At present, many studies have already indicated that AURKB is a promising therapeutic target in various cancers, such as non-small cell lung cancer (NSCLC) (Bertran-Alamillo et al., 2019), gastric cancer (GC) (He et al., 2019), leukemia (He et al., 2016), prostate cancer (PC) (Addepalli et al., 2010), and breast cancer (Han et al., 2017). Additionally, in the present study, we found that AURKB is a promising biomarker in the treatment of ccRCC and a predictor of prognosis.

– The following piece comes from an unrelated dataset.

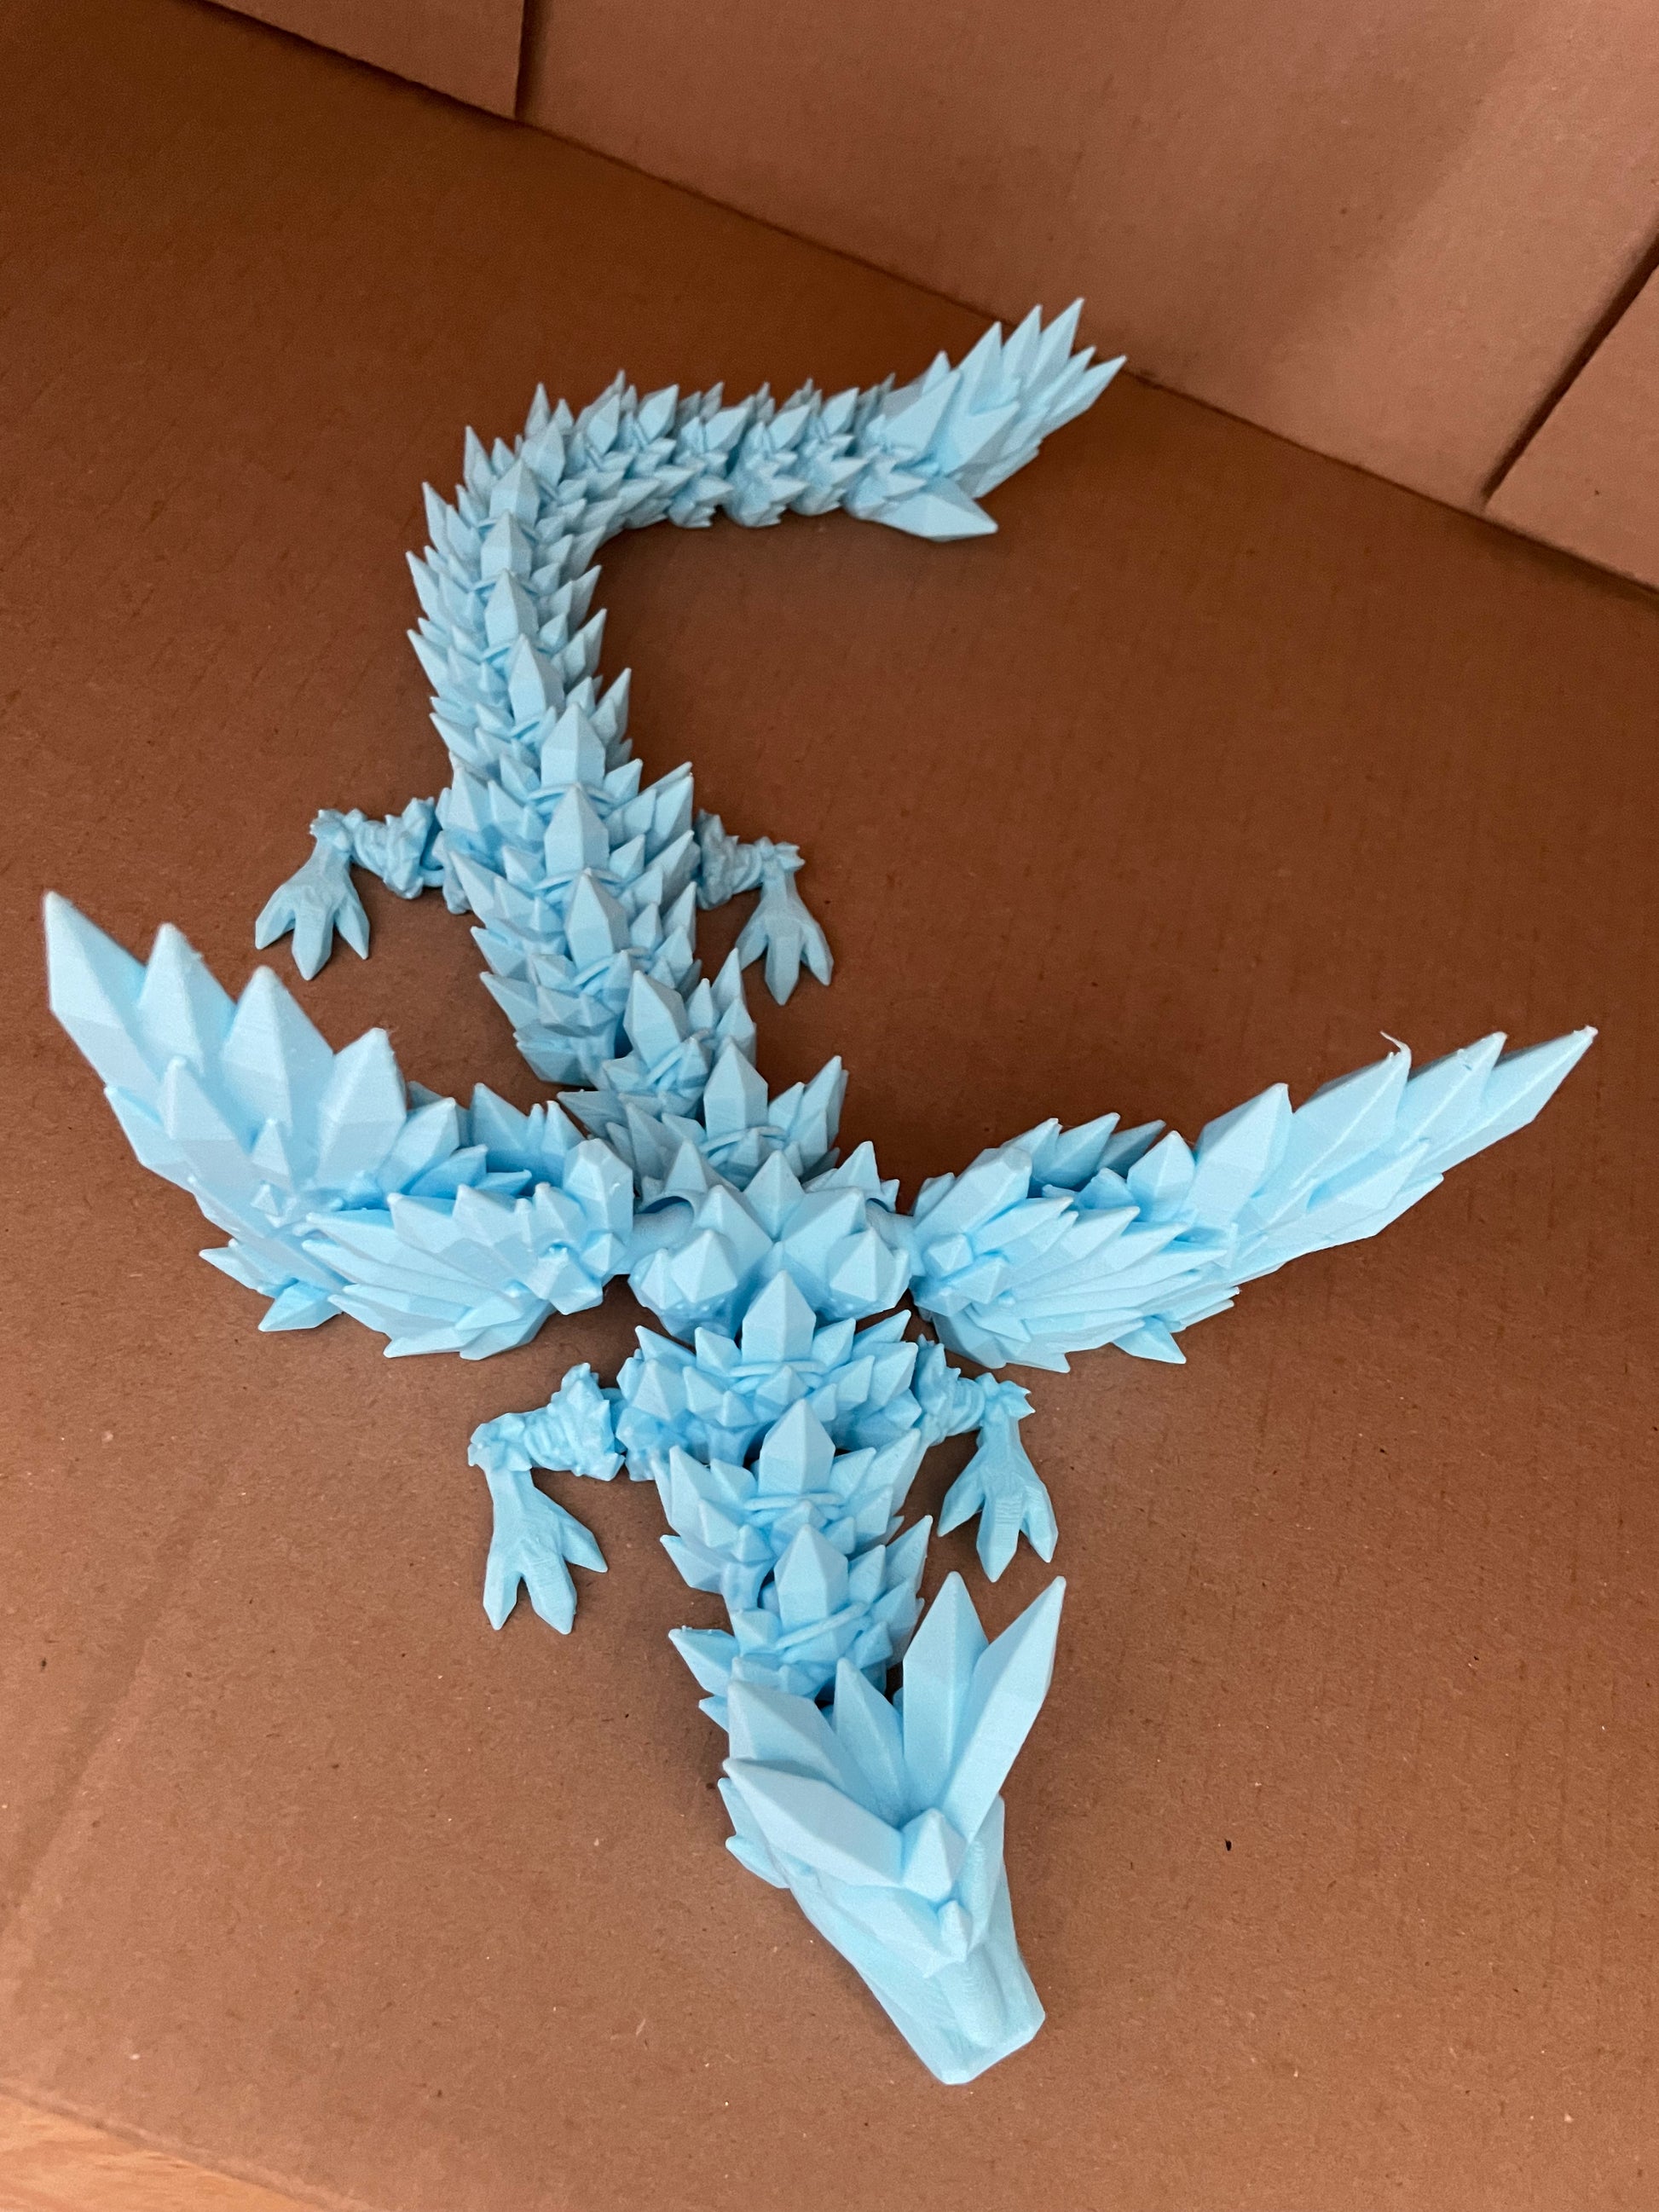 Crystal wings dragon 3D print – keats woodworking
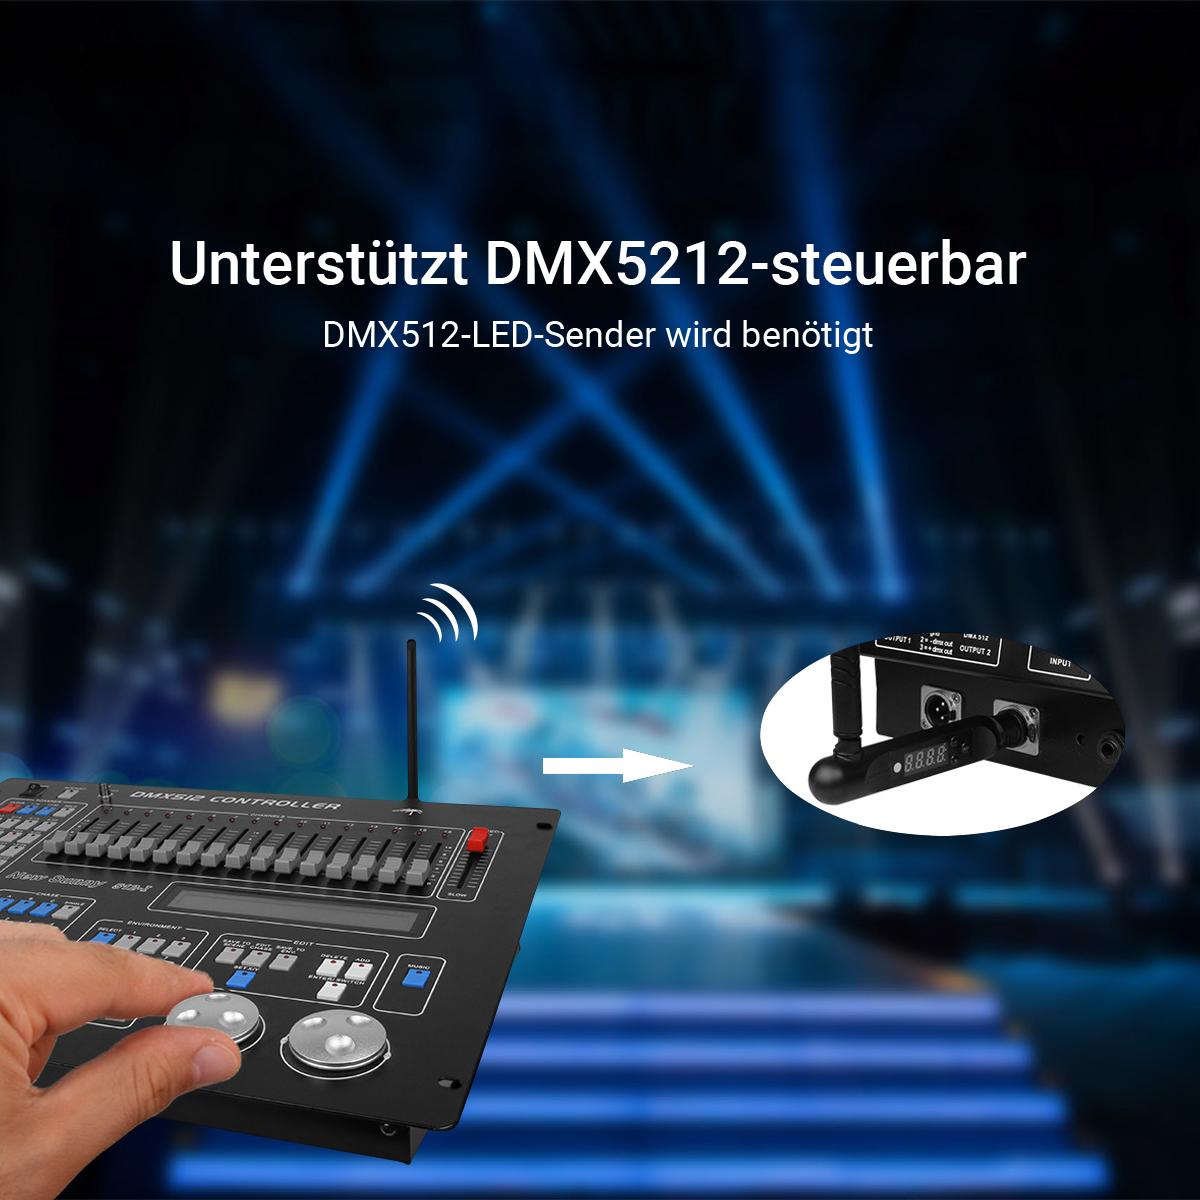 MiBoxer RGB+CCT LED Einbaustrahler rund weiss 18W Ø180mm 2.4GHz WiFi ready FUT065

Inevitably, our study also has several limitations. Firstly, the data we analyzed in the present study were extracted from several public databases, which had not been verified. Secondly, the mechanisms by which AURKB regulates the occurrence and progression of ccRCC need further exploration. Finally, our study found that ccRCC cell lines were more sensitive to AURKB-targeting drug (Genentech Cpd 10) than the conventional targeted drugs (Cabozantinib and Axitinib). However, more studies are necessary to identify whether AURKB could be used as a target for ccRCC treatment.
In summary, our study suggests that AURKB is over-expressed in ccRCC, and it is a valuable prognostic factor for predicting OS and DFS of ccRCC patients. AURKB can promote development of ccRCC via various signaling pathways including intestinal immune network for IgA production, cytokine-cytokine receptor interaction, natural killer cell mediated cytotoxicity, cell cycle and cell adhesion molecules (CAMs). In addition, AURKB might be a promising therapeutic target for ccRCC. However, more research is required to verify the findings of this study.